Student’s question: Should insurance be offered to the troubled banks & mortgage companies?
By the way, your question is actually the same by saying ‘Whether the US government should bail out these troubled companies?’ The outcome is still the same & that is those financial companies will be finally bailed out. The difference is who should bail them, government or insurance companies?
I’m not an expert about insurance here, but I’ll try to reason it out. Before arriving at your question, I need you to understand the purpose of insurance & the concepts of moral hazard.

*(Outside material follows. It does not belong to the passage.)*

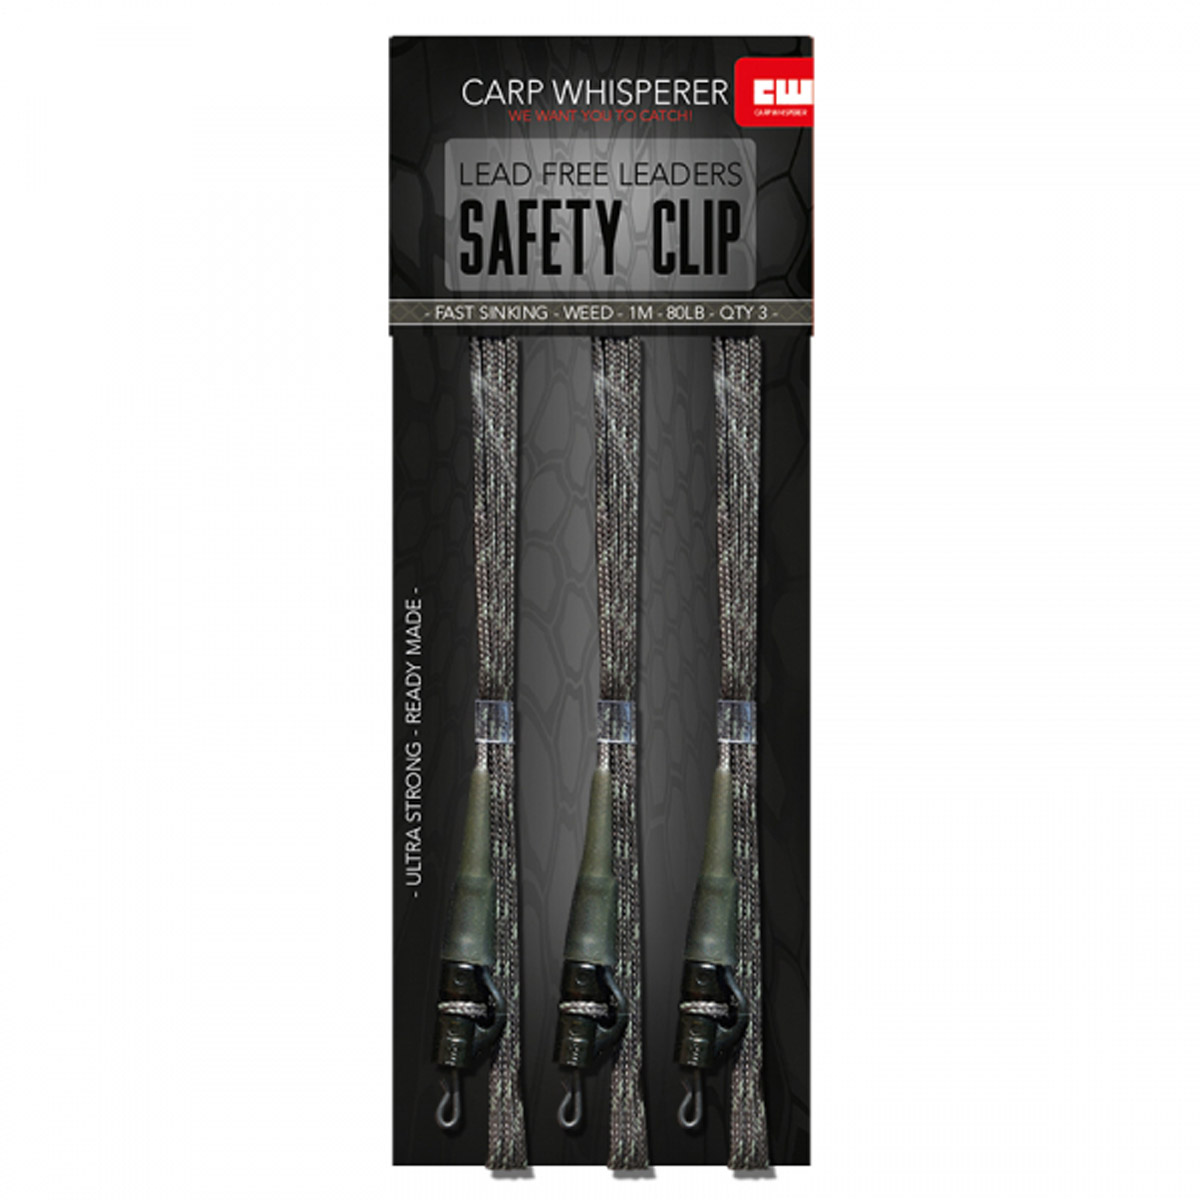 Carp Whisperer - Safety Clip Leaders - 1 mtr

Insurance is a form of risk management tool which means transfer of loss to another party. Moral hazard is defined as the risk of a presence contract will actually change the behavior of a party. Say (hypothetical example), if your car is not insured, then you will take good care of it to avoid being stolen. If it was insured for its full value, then if stolen you do not really lose out. Therefore you have less incentive to take care of it
Same goes for banks & mortgage companies here. If their risk is insured, they may start again another round of reckless lending which may cause all of us to end up in another sub-prime mortgage crisis, knowing that the government & insurance companies are ready to bail them out once again. From free market point of view, these ‘inefficient’ companies should be left out, allowed to bankrupt & perish.

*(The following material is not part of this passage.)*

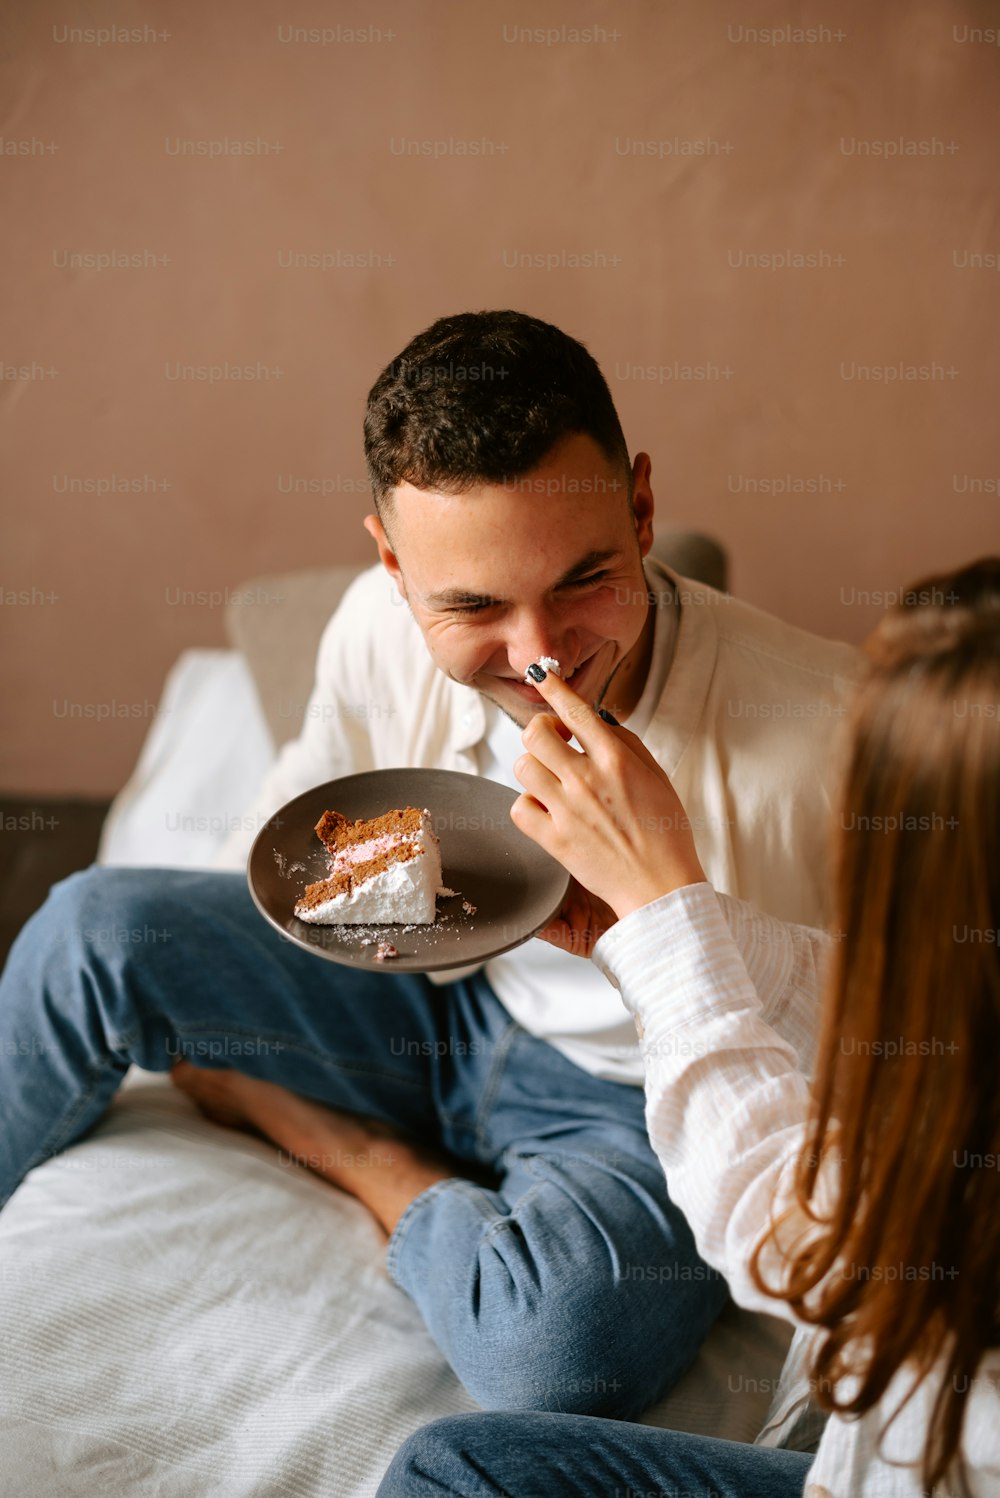 Un hombre y una mujer sentados en una cama comiendo pastel

However, I argue against the usage of free-market principle in this case. If those banks were insignificant to global economy then yes, they should be left out. Somehow, influence of Freddie Mac, Fannie Mae, Merrill Lynch, Lehman Brothers & many more are just too great to be ignored just like that. It’s better to harm the taxpayers’ wallet than to see everyone being jobless, increase in crime rate, worsening poverty rate & global economy slowing down which feeds through the multiplier effect
Hope that answer your question Paul.